Input data below:

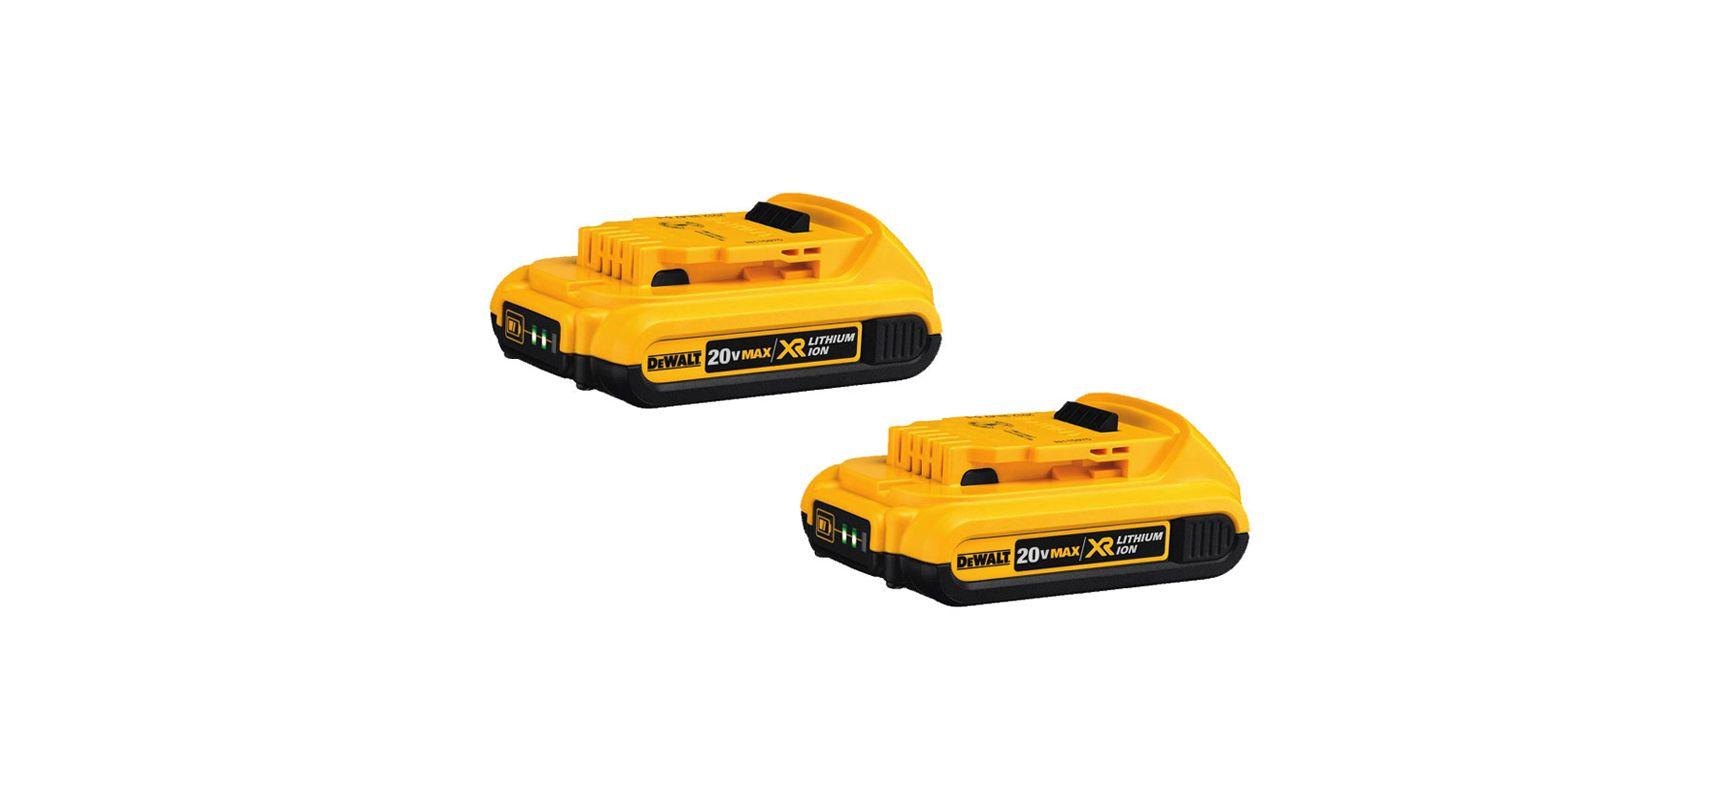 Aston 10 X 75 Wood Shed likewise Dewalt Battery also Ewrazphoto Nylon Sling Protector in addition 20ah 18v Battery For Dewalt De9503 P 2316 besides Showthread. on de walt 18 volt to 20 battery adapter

End of Input data.
Input data below:

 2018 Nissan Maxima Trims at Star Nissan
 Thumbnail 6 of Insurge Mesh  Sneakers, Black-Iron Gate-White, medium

End of Input data.

_What you will do_
Out of the entries above, write out only the lines between the line holding "2018 Nissan Maxima Trims at Star Nissan" and the line holding "Thumbnail 6 of", inclusive, each exactly as given.

_Task solution_
 2018 Nissan Maxima Trims at Star Nissan
 Thumbnail 6 of Insurge Mesh  Sneakers, Black-Iron Gate-White, medium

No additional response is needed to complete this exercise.